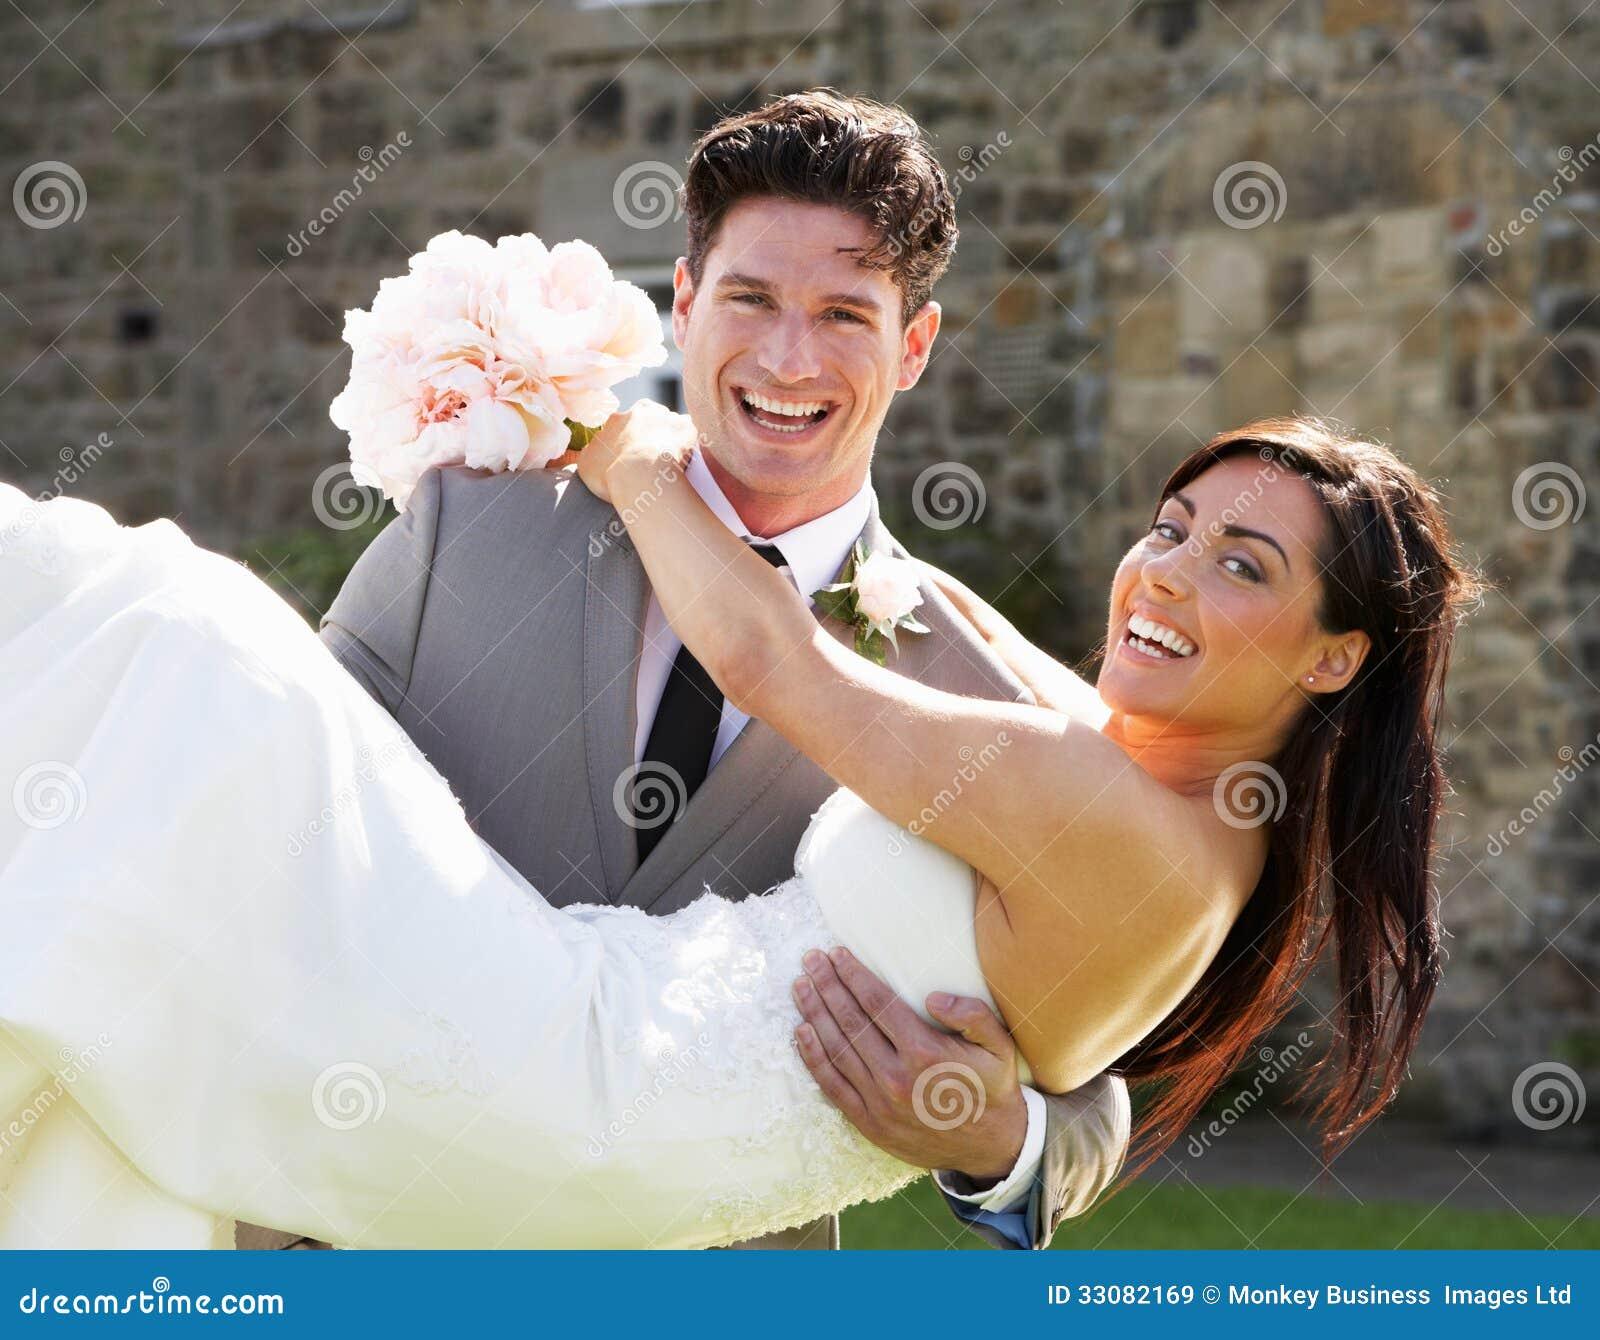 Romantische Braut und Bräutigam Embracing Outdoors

##############################

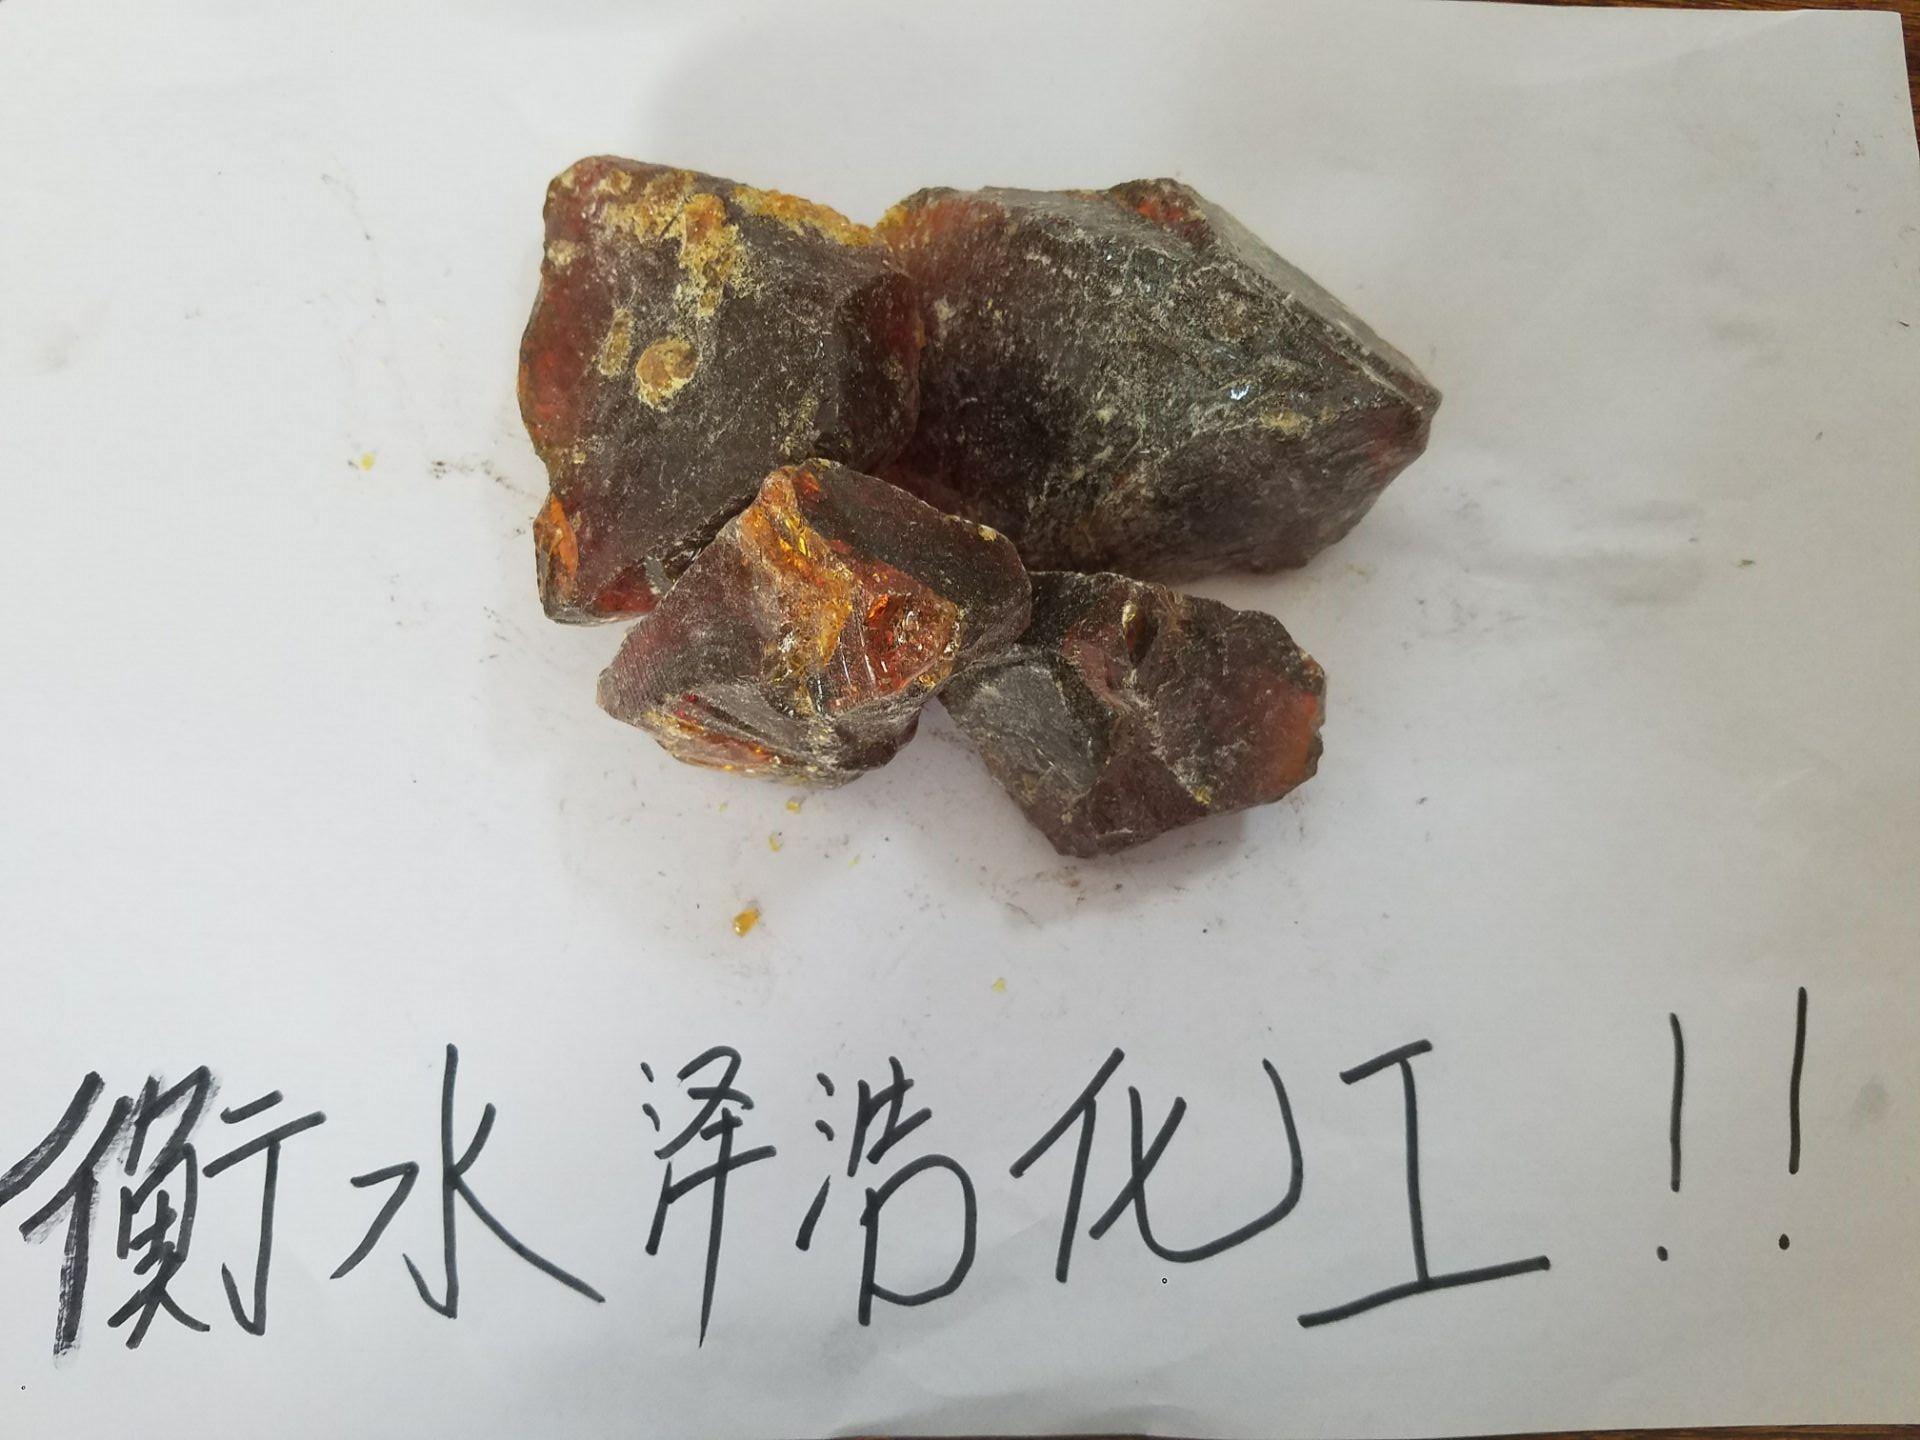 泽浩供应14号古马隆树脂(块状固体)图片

##############################

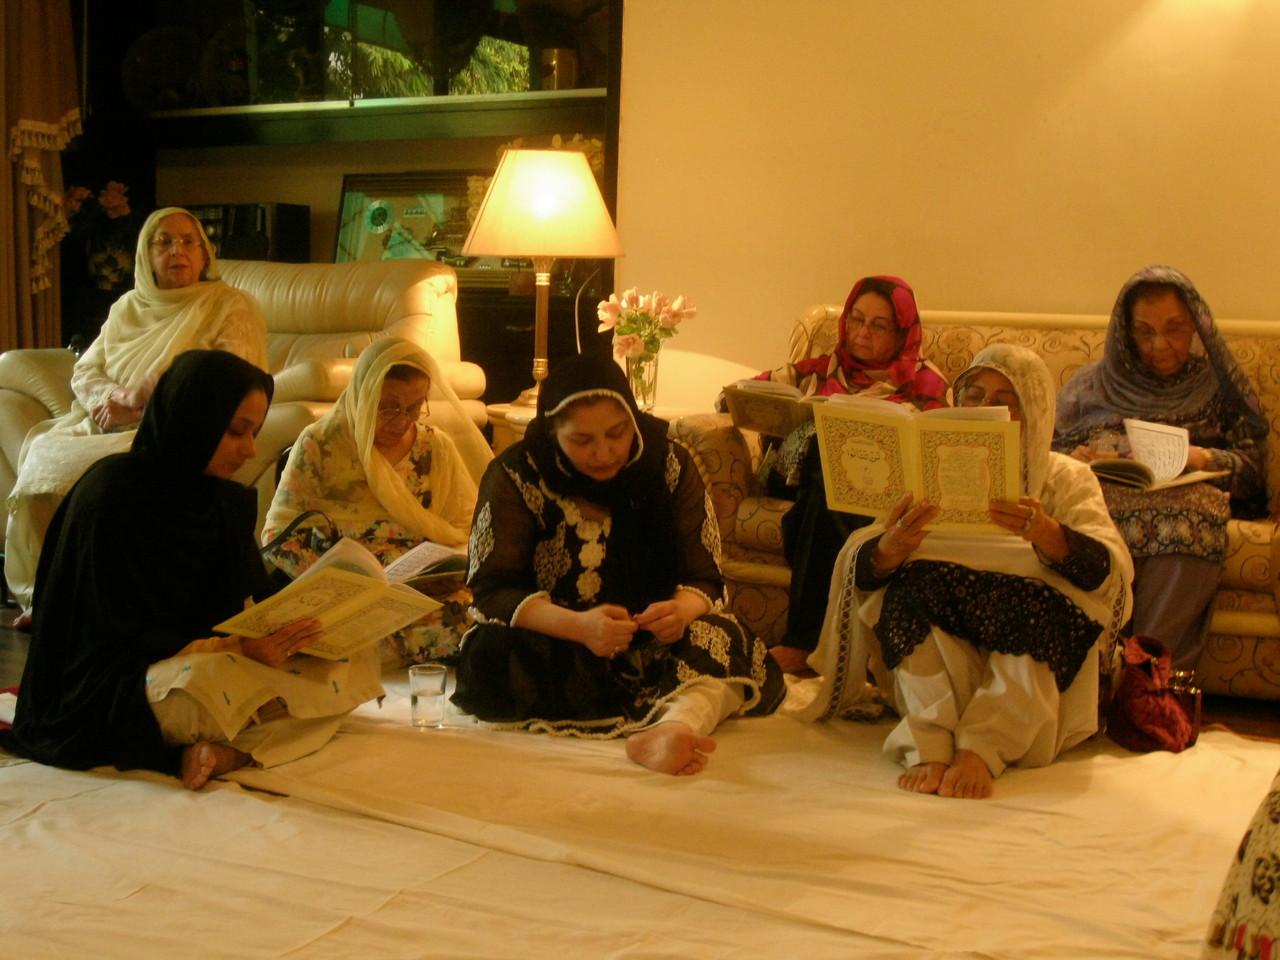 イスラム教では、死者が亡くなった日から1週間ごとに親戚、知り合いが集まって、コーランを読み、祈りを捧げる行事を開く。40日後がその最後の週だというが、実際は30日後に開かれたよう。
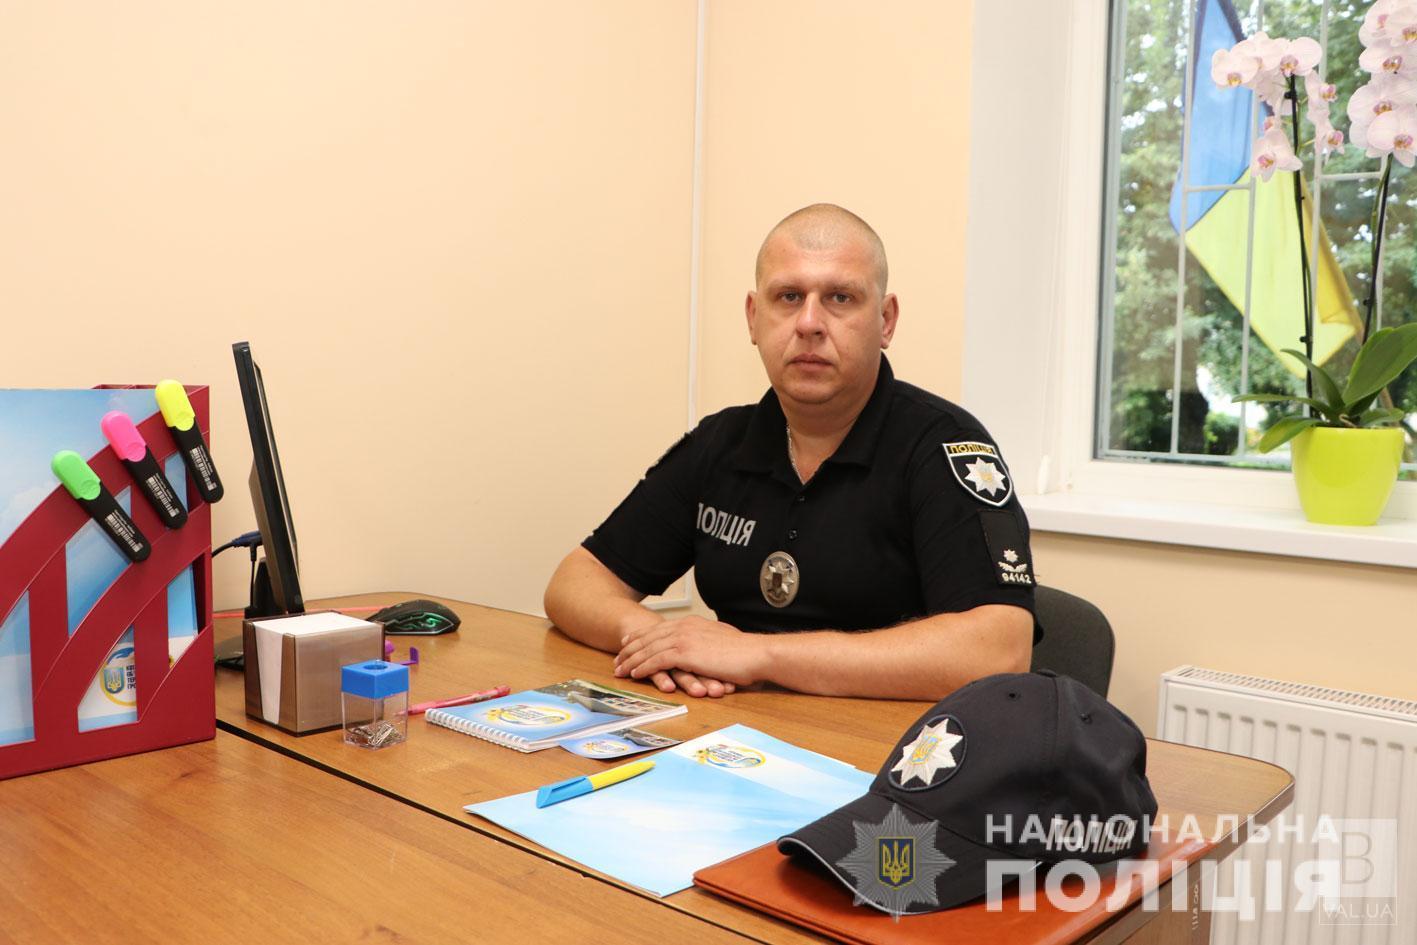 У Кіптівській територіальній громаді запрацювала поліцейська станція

##############################

> Aim of the exercise
The line holding "イスラム教では、死者が亡くな" starts the copy and the line holding "У Кіптівській територіальній" ends it. Repeat those two lines above and all between them exactly, leaving out pictures.

> Exercise solution
 イスラム教では、死者が亡くなった日から1週間ごとに親戚、知り合いが集まって、コーランを読み、祈りを捧げる行事を開く。40日後がその最後の週だというが、実際は30日後に開かれたよう。
 У Кіптівській територіальній громаді запрацювала поліцейська станція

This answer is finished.